多田敏宏:中国の食と病と文学のブログ

中国の食と病について文学の点から見てみたいです。

ハト、梁実秋

 明時代の書物に「顔清甫という人が病に伏したところ、その子供がドバトを弓で射落として食べさせた」と書いてある、ハトを弓で射落とすことは北方ではよくある。食べるのだ。顔家の子供が射落としたのは伝書バトだったので、後でお父さんが謝りに行った。

 私が子供の頃、石弓でカラスを射落とそうとした人がいた。カアカア屋根で鳴くのがうるさいからだ。が、うまくいかなかった。ハトを射落とすのはもっと難しい。ハトはとてもかわいく、空を旋回する様は美しい。ハトの肉を食べようとは、私の家族は思わなかった。が、ハトを食べるために飼う人は多い。私は、ハトの肉がそんなに美味しいとは思わない。

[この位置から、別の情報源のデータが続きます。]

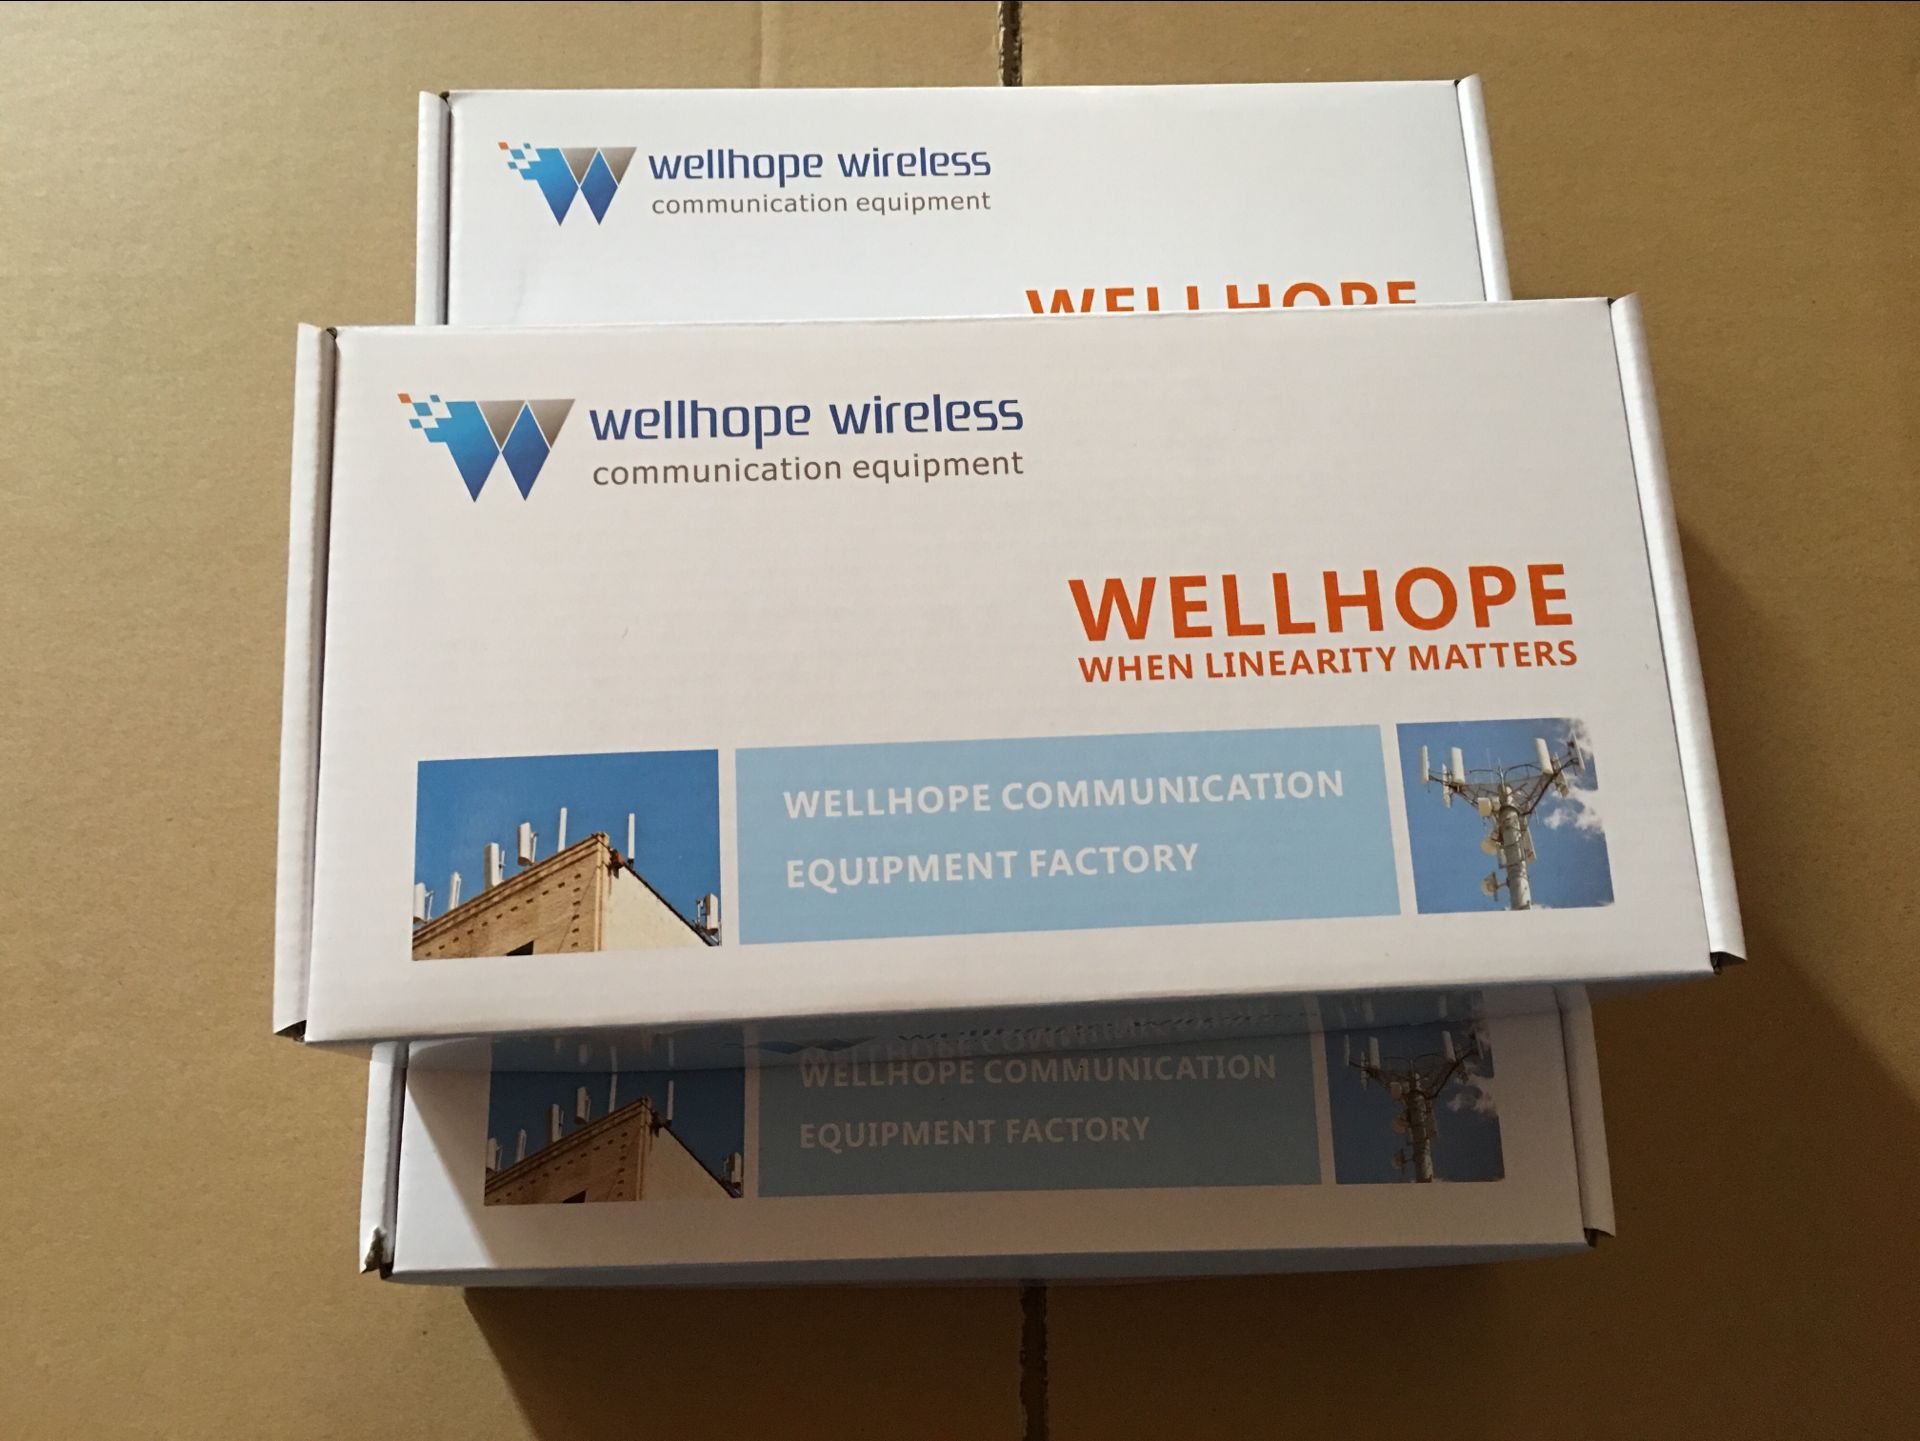  2017/7/26 wellhope draadloze 2000pcs 2.4GHz antenne WH-2.4GHz-02

 ハトを食べるのは広東で最も盛んだ。焼肉の店では、よく焼いたハト

をぶら下げている。酒席用の「油淋乳鴿」(ハトのひなの油揚げ)

は、湖南料理のレストランでよく見る。ハトのひなは小さくて柔らかい。全身をじっくり調理し、テーブルに出す。もっぱら胸の肉を食べる人もいれば、頭の部分を音を立てて噛むのが好きな人もいる。台北に「油淋乳鴿」の専門店がかつてあり、派手な宣伝をしていたが、まもなく見せてを閉めた。「油淋乳鴿」が好きな人は少ないのだろう。

 ハト肉のミンチを炒めたものは、

かなりいける。調味料と混ぜ合わせ、レタスの葉で巻いて食べるので、ハト肉の味はしない。

 北方のレストランに、ハトの卵の醤油煮込み

がある。ハトの卵はウズラより少し大きく、卵黄と卵白は、ウズラよりもニワトリよりも柔らかい。まずじっくり煮て殻をむき、表面が黄色く焦げるまで油で揚げる。それを鍋でじっくり煮込む。冬シイタケとタケノコ、火腿(中華ハム)などで味をつける。作るのにかなり手間暇がかかる。が、卵白は微かにすきとおり、卵の大きさが口にちょうどよく、味もいい。一気に三皿食べた人もいる。